TWO . THE REAL PADDY MEEHAN
I
If there was any other angle to the Brian Wilcox story, none of the staff of the Scottish Daily News could find it. They had interviewed the missing child’s family and neighbors, retraced all possible routes, commissioned aerial photographs of the area. They had written features about children who had run away in the past, printed countless column inches on the future of missing children, and the little bastard still hadn’t turned up.
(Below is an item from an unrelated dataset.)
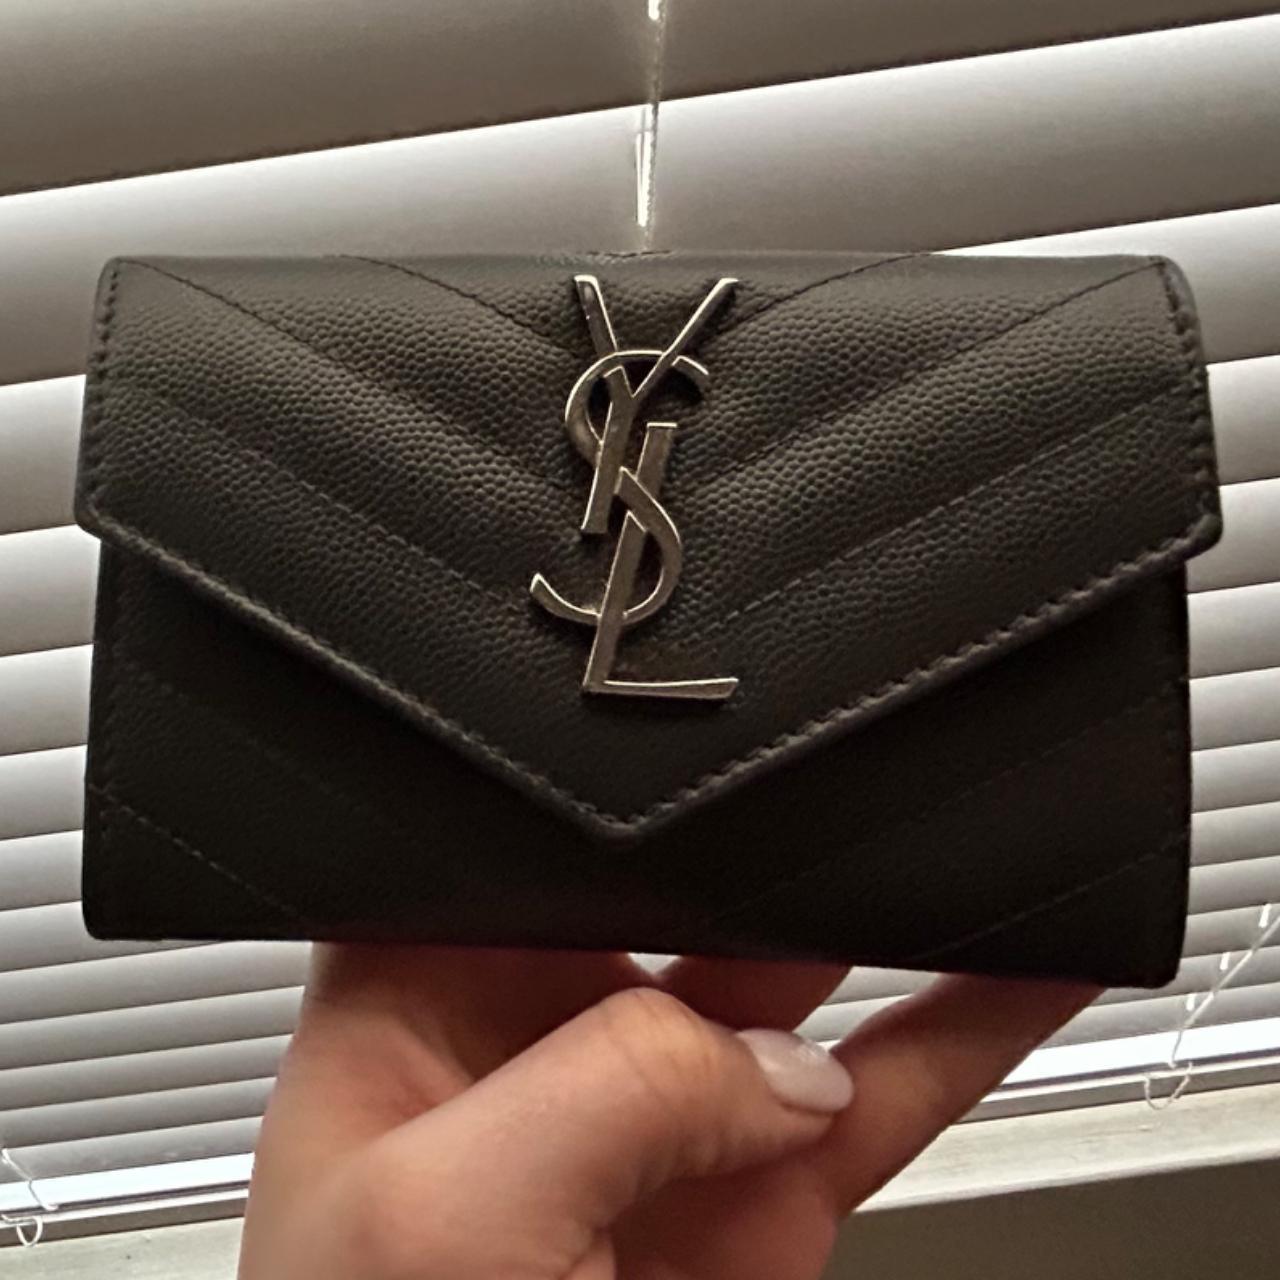 YSL beauty makeup bag in excellent condition and - Depop

Paddy Meehan was standing at the Press Bar when she overheard Dr. Pete telling a crowd of drunks that he’d strangle the three-year-old himself if it would bring an end to the story. The men around him laughed and slowed and laughed again in a ragged wave. Dr. Pete sat still among them, looking even more desiccated than usual, his features organized into a smile around his heartbroken eyes. She watched his reflection in the mirror behind the bar. His bushy eyebrows billowed out from a face scarred by a decade-long hangover. He lifted his glass to his mouth, eyes shut, feeling for the rim with the gray tip of his tongue. Rumor had it that he was a bigamist.
Paddy didn’t like the men or want to keep their company, but she did want to have a place among them, to be a journalist instead of a gofer. She would have felt like an interloper in the bar if she hadn’t been on News business, here to get the picture editor’s tankard filled. In front of her, McGrade, the bar manager, was flushing the leads to the taps, taking an age to draw the beer through spluttering pipes. Pints of syrupy white froth were lined up along the bar.